Applying it on the integral int_0^(1/2) arctan(x)/x dx where the integrand is f(x)=arctan(x)/x , we get:
int_0^(1/2) arctan(x)/x dx =int_0^1 arctan(x) *1/x dx
=int_0^(1/2)sum_(n=0)^oo (-1)^n x^(2n+1)/(2n+1) *1/xdx
=int_0^(1/2) sum_(n=0)^oo (-1)^n x^(2n+1)/(2n+1) *x^(-1)dx
=int_0^(1/2) sum_(n=0)^oo (-1)^n x^(2n+1-1)/(2n+1) dx
=int_0^(1/2) sum_(n=0)^oo (-1)^n x^(2n)/(2n+1) dx
=int_0^(1/2) [1 -x^2/3 +x^4/5 - x^6/7 +x^8/9-...] dx
Or
int_0^(1/2) arctan(x)/x dx =int_0^1 arctan(x) *1/x dx
=int_0^(1/2) 1/x* [x -x^3/3 +x^5/5 - x^7/7 +x^9/9-...] dx
= int_0^(1/2) [x/x -x^3/(3x) +x^5/(5x) - x^7/(7x) +x^9/(9x)-...] dx
=int_0^(1/2) [1 -x^2/3 +x^4/5 - x^6/7 +x^8/9-...] dx
To determine the indefinite integral, we integrate each term using Power rule for integration: int x^n dx = x^(n+1)/(n+1) .

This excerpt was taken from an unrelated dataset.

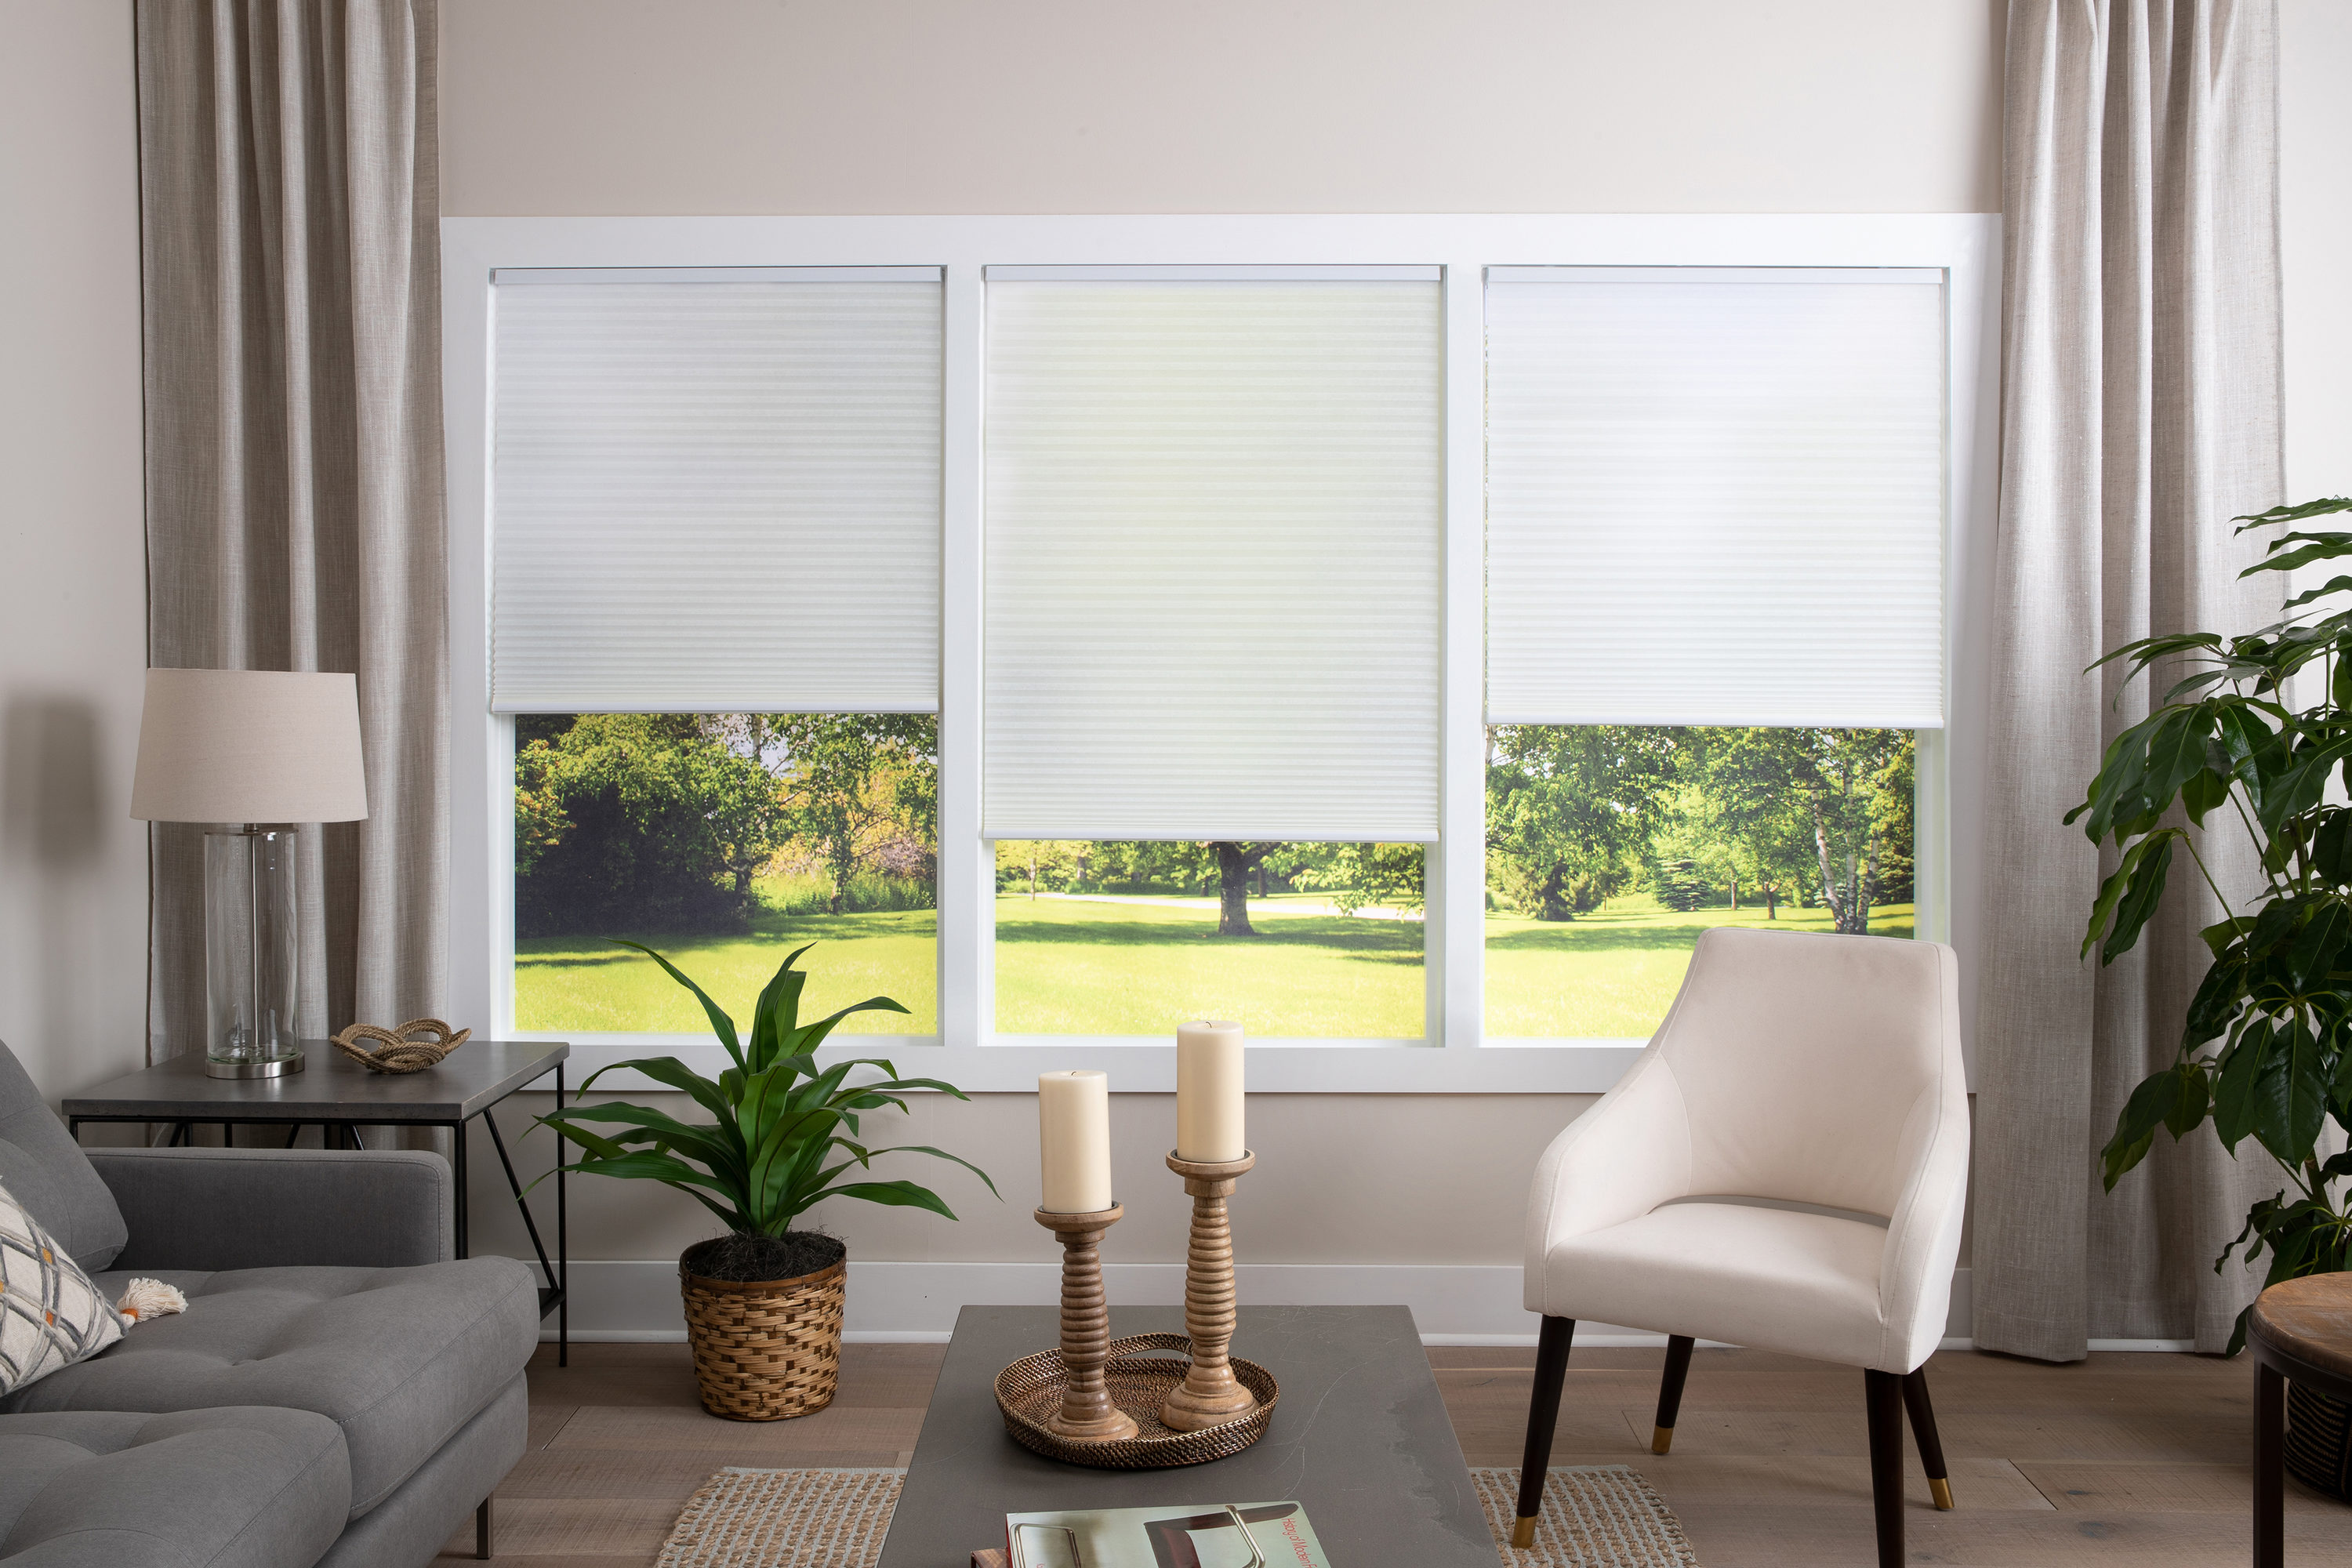 Light Filtering Cordless Top Down Bottom Up Shades, Top Down Bottom Up  Cellular Shades, Top Down Blinds, Up Down Blinds, Up Down Shades, Top Down

int_0^(1/2) [1 -x^2/3+x^4/5 - x^6/7 +x^8/9-...] dx= [x -x^3/(3*3)+x^5/(5*5) - x^7/(7*7) +x^9/(9*9)-...]_0^1
=[x -x^3/9+x^5/25 - x^7/49 +x^9/81-...]_0^1
Apply definite integral formula: F(x)|a^b =F(b)-F(a) .
F(1/2) or F(0.5)=0.5 -0.5^3/9+0.5^5/25 - 0.5^7/49 +0.5^9/81-...
= 1/2 -1/72+1/800-1/6272+1/41472 -...
F(0)= 0 -0^3/9+0^5/25 - 0^7/49+0^9/81-...
=0-0+0-0+0-...
All the terms are 0 then F(0)=0 .
We can stop on the 5th term (1/41472 ~~2.4113x10^(-5)) since we only need an error less than 0.0001.
F(1/2)-F(0)= [1/2 -1/72+1/800-1/6272+1/41472]-[0]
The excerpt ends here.